ACTIVITY:
Where the string "Best" appears in a line of the material below, copy that line.

EXERCISE INPUT:
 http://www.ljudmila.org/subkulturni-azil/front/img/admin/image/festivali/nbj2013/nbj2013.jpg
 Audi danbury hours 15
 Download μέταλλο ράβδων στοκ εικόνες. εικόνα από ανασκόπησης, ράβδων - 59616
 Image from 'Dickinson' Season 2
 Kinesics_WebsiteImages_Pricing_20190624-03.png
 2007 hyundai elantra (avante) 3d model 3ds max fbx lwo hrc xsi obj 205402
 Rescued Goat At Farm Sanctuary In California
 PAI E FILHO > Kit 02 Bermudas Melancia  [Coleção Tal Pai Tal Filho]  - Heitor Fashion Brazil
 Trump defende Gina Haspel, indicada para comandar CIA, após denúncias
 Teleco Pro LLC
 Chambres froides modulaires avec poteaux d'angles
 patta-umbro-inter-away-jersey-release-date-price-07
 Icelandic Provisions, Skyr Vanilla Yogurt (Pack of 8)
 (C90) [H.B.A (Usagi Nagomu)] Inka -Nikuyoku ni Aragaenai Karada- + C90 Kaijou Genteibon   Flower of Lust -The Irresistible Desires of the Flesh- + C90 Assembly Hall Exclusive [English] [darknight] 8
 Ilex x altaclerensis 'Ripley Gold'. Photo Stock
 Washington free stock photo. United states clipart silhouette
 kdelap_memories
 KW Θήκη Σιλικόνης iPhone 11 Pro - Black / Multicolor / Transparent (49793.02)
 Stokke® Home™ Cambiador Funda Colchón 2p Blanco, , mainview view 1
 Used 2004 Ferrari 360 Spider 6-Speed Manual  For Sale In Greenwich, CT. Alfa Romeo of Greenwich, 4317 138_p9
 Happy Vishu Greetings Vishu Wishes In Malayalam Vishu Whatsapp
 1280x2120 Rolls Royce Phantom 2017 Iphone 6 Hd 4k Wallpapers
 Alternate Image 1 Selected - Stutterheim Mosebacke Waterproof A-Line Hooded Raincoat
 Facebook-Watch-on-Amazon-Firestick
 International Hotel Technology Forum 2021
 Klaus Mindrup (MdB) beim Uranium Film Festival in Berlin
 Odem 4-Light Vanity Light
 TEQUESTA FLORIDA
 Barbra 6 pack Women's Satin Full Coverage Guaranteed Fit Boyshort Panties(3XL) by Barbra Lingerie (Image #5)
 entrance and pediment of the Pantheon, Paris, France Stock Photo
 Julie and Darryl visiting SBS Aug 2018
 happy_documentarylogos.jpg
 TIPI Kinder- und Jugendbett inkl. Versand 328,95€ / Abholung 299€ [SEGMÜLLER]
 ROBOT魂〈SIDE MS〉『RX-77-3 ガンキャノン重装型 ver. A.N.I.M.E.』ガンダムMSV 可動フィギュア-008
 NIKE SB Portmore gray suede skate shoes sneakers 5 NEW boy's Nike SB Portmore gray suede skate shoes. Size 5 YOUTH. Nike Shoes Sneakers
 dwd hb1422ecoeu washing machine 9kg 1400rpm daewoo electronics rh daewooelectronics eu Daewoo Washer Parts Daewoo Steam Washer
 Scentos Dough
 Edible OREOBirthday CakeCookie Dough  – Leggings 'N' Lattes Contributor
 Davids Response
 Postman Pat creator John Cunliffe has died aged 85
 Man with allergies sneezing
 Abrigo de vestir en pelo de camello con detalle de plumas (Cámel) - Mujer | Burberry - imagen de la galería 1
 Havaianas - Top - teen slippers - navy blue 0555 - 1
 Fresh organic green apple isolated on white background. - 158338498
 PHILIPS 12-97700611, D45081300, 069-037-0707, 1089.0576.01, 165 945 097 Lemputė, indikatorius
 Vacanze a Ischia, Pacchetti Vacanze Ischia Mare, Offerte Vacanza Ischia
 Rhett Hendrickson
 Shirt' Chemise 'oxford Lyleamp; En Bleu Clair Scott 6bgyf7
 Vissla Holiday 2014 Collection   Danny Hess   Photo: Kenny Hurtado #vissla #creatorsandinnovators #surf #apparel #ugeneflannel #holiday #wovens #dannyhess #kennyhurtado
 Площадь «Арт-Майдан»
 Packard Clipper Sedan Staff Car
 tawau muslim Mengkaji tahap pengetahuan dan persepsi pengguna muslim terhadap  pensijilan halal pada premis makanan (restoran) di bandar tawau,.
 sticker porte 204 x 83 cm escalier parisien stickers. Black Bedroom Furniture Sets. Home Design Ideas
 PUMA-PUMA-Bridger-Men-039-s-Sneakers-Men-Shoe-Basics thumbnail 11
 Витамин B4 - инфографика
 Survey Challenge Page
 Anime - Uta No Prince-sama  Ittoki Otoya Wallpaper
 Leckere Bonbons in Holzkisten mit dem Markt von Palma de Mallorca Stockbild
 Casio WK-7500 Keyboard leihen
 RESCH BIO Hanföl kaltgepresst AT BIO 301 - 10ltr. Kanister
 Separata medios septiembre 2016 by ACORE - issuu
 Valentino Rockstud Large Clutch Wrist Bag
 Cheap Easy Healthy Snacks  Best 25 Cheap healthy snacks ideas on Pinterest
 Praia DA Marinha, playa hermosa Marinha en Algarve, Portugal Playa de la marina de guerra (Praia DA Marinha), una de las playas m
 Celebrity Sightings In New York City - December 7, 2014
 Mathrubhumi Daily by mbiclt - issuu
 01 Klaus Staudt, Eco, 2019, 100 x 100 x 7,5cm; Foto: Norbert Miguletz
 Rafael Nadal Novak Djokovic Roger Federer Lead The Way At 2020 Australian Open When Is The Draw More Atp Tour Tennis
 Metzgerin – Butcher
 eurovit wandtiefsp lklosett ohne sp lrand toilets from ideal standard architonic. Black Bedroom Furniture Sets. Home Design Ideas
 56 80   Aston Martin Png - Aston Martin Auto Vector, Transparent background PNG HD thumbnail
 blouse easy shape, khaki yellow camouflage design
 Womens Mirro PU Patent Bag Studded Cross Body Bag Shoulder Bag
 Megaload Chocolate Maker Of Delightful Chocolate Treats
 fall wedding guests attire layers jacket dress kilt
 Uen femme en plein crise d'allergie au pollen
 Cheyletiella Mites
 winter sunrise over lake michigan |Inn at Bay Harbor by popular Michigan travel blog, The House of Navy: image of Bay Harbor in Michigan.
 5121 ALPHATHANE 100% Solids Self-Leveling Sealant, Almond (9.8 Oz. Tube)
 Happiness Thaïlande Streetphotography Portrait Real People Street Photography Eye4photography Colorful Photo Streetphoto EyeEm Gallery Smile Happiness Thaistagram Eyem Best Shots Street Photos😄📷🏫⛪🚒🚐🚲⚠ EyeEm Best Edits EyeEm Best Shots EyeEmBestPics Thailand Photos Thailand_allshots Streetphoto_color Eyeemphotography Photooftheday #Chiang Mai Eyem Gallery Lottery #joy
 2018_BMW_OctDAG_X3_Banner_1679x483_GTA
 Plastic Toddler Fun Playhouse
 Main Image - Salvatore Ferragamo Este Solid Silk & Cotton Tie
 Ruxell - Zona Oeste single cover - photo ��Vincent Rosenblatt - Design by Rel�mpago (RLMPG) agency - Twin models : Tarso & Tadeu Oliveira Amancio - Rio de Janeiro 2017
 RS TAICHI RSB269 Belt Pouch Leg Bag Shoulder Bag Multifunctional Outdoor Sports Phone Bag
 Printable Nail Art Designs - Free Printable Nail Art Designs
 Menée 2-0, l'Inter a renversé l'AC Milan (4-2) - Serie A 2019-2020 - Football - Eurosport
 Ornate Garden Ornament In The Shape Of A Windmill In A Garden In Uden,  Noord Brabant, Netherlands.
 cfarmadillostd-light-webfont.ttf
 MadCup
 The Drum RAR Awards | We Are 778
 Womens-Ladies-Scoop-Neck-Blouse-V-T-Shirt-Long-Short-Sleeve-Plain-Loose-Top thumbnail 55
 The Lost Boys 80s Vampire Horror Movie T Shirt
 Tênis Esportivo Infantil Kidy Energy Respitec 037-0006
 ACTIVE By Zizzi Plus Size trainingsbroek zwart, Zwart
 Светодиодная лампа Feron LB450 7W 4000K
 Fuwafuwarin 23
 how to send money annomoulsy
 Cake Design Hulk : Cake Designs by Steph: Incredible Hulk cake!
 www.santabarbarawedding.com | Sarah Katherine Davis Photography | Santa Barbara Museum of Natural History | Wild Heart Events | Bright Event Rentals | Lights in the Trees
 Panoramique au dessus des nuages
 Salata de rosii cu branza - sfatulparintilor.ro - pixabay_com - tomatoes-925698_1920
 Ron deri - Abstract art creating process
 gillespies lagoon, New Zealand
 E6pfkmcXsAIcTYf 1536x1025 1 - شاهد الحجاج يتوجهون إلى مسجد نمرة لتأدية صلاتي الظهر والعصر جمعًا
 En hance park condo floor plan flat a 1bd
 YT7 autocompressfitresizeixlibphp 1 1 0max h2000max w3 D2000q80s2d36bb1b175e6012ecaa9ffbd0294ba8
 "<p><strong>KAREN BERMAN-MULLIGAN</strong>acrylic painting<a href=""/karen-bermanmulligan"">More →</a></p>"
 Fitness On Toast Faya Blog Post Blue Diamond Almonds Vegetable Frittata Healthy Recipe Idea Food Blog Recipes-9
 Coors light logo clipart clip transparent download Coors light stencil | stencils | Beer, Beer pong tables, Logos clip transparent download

ANSWER TO THE PROBLEM:
 Cheap Easy Healthy Snacks  Best 25 Cheap healthy snacks ideas on Pinterest
 Happiness Thaïlande Streetphotography Portrait Real People Street Photography Eye4photography Colorful Photo Streetphoto EyeEm Gallery Smile Happiness Thaistagram Eyem Best Shots Street Photos😄📷🏫⛪🚒🚐🚲⚠ EyeEm Best Edits EyeEm Best Shots EyeEmBestPics Thailand Photos Thailand_allshots Streetphoto_color Eyeemphotography Photooftheday #Chiang Mai Eyem Gallery Lottery #joy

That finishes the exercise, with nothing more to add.